Hierarchical porous composite carbon fiber low-temperature sulfur dioxide adsorption catalyst and preparation method thereof

Technical Field

The invention belongs to the field of low-temperature desulfurization adsorption catalysts, relates to a low-temperature sulfur dioxide adsorption catalyst for hierarchical porous composite carbon fibers and a preparation method thereof, and particularly relates to a method for preparing hierarchical porous Ti-M/C composite carbon fibers based on waste dander modified by plant polyphenol, the hierarchical porous Ti-M/C composite carbon fibers prepared by the method, and application of the hierarchical porous Ti-M/C composite carbon fibers in low-temperature sulfur dioxide adsorption catalysis.

Background

With the development of industry and the improvement of environmental protection requirements, steel and nonferrous metal are smelted,The purification of flue gas in building materials and chemical industry has been proposed. SO of China₂The pollution control and treatment starts late, the technology is relatively laggard, and the large-scale flue gas desulfurization device in China at present basically depends on a wet limestone-gypsum method which takes limestone as a desulfurizing agent and produces a large amount of carbon dioxide and gypsum as byproducts. The method has the advantages of complex flow, high consumption of the desulfurizer, difficult outlet of byproducts and new pollution problem. The method not only leads to high desulfurization cost, but also does not accord with the concept of circular economy, and is difficult to adapt to the increasingly high environmental protection and technical requirements of the current country. Therefore, the activated carbon method with low consumption of the purifying agent and low operation cost becomes the most promising method which is recognized by experts at home and abroad, can be recycled and can simultaneously realize desulfurization and denitrification. However, the traditional carbon-method desulfurization technology has the problems of limited desulfurization capacity, difficult engineering amplification, frequent regeneration times and the like, which greatly hinders the industrial popularization and application of the technology. Therefore, renewable, cheap and rich-source raw materials are searched, a recyclable desulfurization and denitrification catalyst is developed, sulfur resources are recycled, and a flue gas desulfurization and denitrification technology with high production added value is the key for realizing the conversion of a flue gas desulfurization and denitrification mode from a traditional pollution treatment mode to a circular economy mode.

Traditionally, activated carbon is selected as a carrier of a desulfurization catalyst, and the low operation cost and the abundant microporous structure of the activated carbon enable the activated carbon to have larger physical adsorption capacity and conveniently adsorb one or more impregnated metal ions. However, the activated carbon carrier lacks the dispersing and anchoring ability to the nanoparticles, and during the use process, the active components loaded by the activated carbon are easy to migrate, agglomerate and fall off, and are further inactivated, and need to be frequently regenerated.
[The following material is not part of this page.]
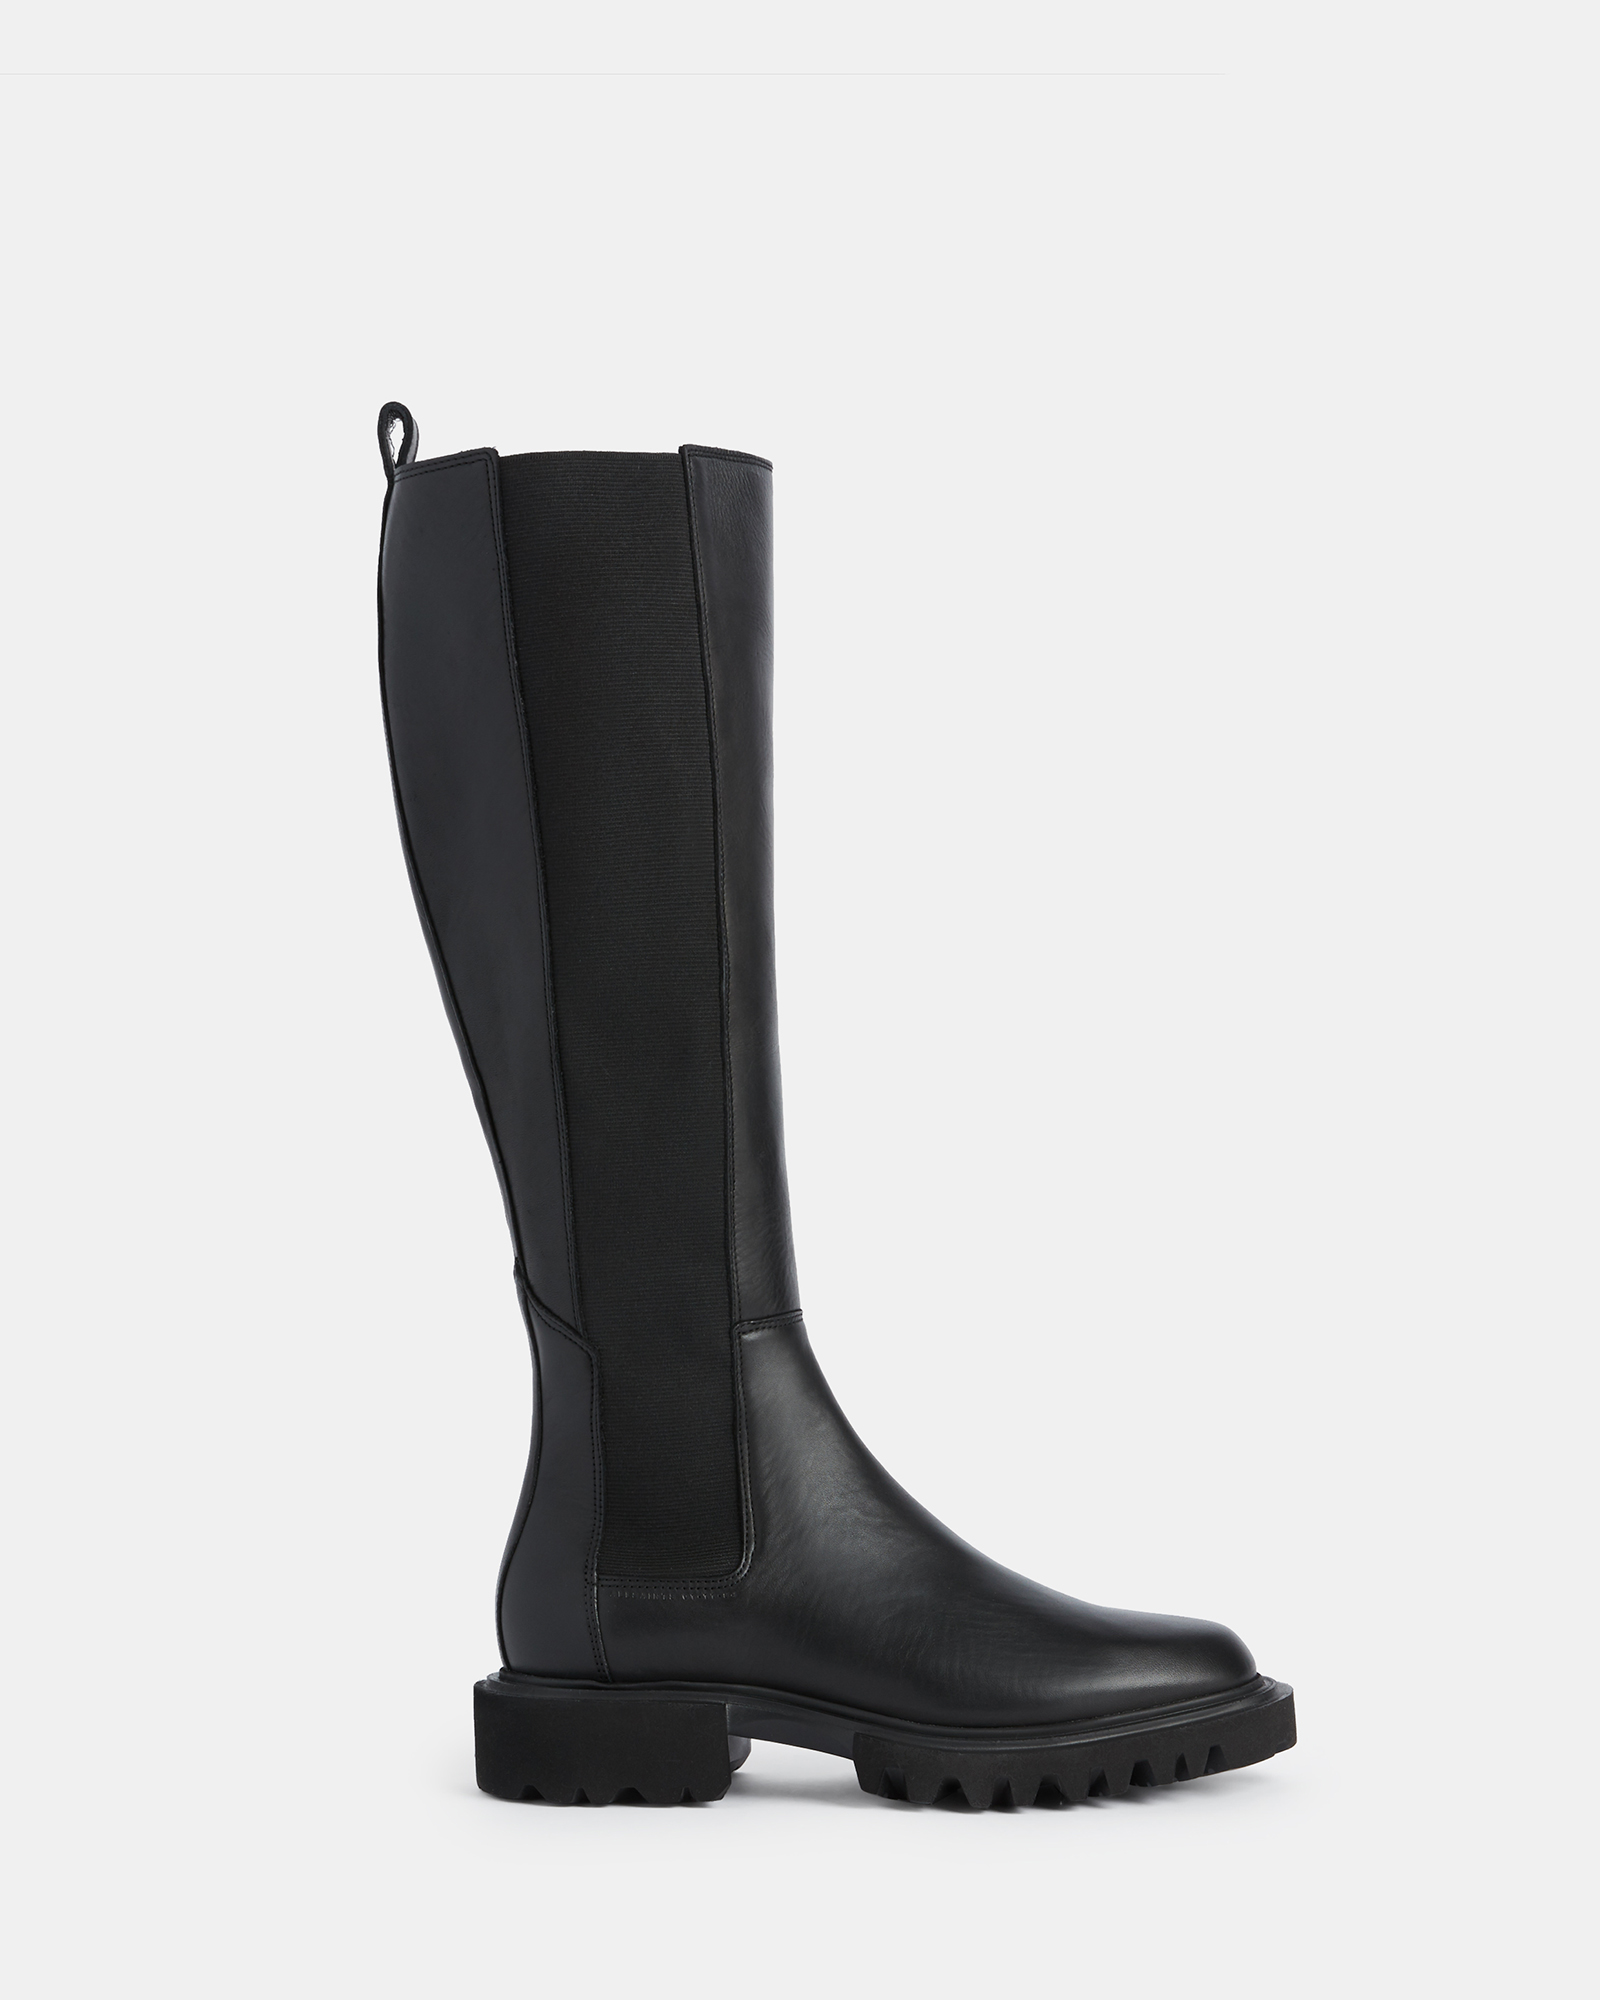 AllSaints Maeve Leather Boots,, Black, Size: UK

The leather industry inevitably produces a large amount of waste leather scraps due to raw leather trimming, grey leather chipping and the like, and it is reported that about 140 tons of leather leftover wastes are produced every year in China, and the solid wastes are one of the important factors causing serious pollution of the leather industry. At present, the research on the resource utilization and high-value utilization of the tanning solid waste has important strategic significance on solving the tanning pollution and promoting the sustainable development of the leather industry and related industries in China. The waste leather scraps have wide sources and low cost, are used as a natural biological polymer material and mainly come from skins of livestock such as pigs, cattle, sheep and the like, and account for 95-98 percent of the total fiber mass of the dermis. Animal skins produced by livestock such as pigs, cattle, sheep and the like are byproducts of animal husbandry, the content of collagen of the animal skins reaches more than 90 percent, the animal skins are one of renewable animal biomass resources with the largest resource quantity in the world, and the resource of the animal skins is increasing along with the improvement of the living standard of human beings. The waste leather scraps have higher chemical reaction activity, if a novel desulfurization catalyst and a preparation technology thereof can be developed on the basis of the waste leather scraps, the technical problems of uneven distribution of active ingredients, easy migration, easy agglomeration and frequent regeneration and the like of the conventional desulfurization catalyst prepared by taking activated carbon as a carrier by adopting an impregnation method are solved, and the method not only has positive significance for resource utilization of the waste leather scraps, but also has immeasurable value for developing a more efficient and environment-friendly desulfurization technology in the future.

Disclosure of Invention

The invention aims to overcome the defects of the prior art, provides a graded porous composite carbon fiber low-temperature sulfur dioxide adsorption catalyst and a preparation method thereof, solves the problem of uneven distribution of active ingredients of the existing desulfurization catalyst prepared by taking active carbon as a carrier and adopting an impregnation method, and provides a new way for resource utilization of waste leather scraps.

The preparation method of the graded porous composite carbon fiber low-temperature sulfur dioxide adsorption catalyst provided by the invention comprises the following steps:

(1) preparation of plant polyphenol grafted waste dander

Soaking 3-8 parts by mass of waste leather scraps in 100 parts by mass of water to enable the water to fully soak the waste leather scraps, then adding 2-6 parts by mass of plant polyphenol to react for at least 0.5h, separating out a reaction product, adding 30-100 parts by mass of an aldehyde cross-linking agent solution with the concentration of 1-10 wt%, adjusting the pH value to 6.0-6.5, then reacting to enable the plant polyphenol to be grafted to amino groups on the surfaces of the waste leather scraps, then separating out the reaction product, washing and drying to obtain the plant polyphenol grafted waste leather scraps;

(2) carrying Ti⁴⁺And Mⁿ⁺Preparation of the precursor

Soaking 3-10 parts by mass of plant polyphenol grafted waste leather scraps in 300-500 parts by mass of water to enable the water to fully soak plant polyphenol grafted collagen fibers, and using H to₂SO₄Adjusting the pH value to 1.8-2.0 by HCOOH buffer solution, reacting for at least 1h, adding Ti (SO)₄)₂Aqueous solution and composition containing metal ions Mⁿ⁺Reacting the aqueous solution for at least 1h, then adjusting the pH value of the obtained reaction solution to 3.8-4.0, reacting for 10-14 h at the temperature of 30-50 ℃, and adding Ti⁴⁺And metal ion Mⁿ⁺Loading the plant polyphenol grafted waste leather scraps, separating a reaction product, washing and drying to obtain a precursor; the metal ion Mⁿ⁺Is Co²⁺、Ni²⁺、V³⁺Or Cu²⁺；

(3) Calcination of

And heating the precursor to 600-800 ℃ at a heating rate of 1-5 ℃/min in a nitrogen atmosphere, keeping the temperature, and calcining for 4-10 hours to obtain the hierarchical porous composite carbon fiber low-temperature sulfur dioxide adsorption catalyst.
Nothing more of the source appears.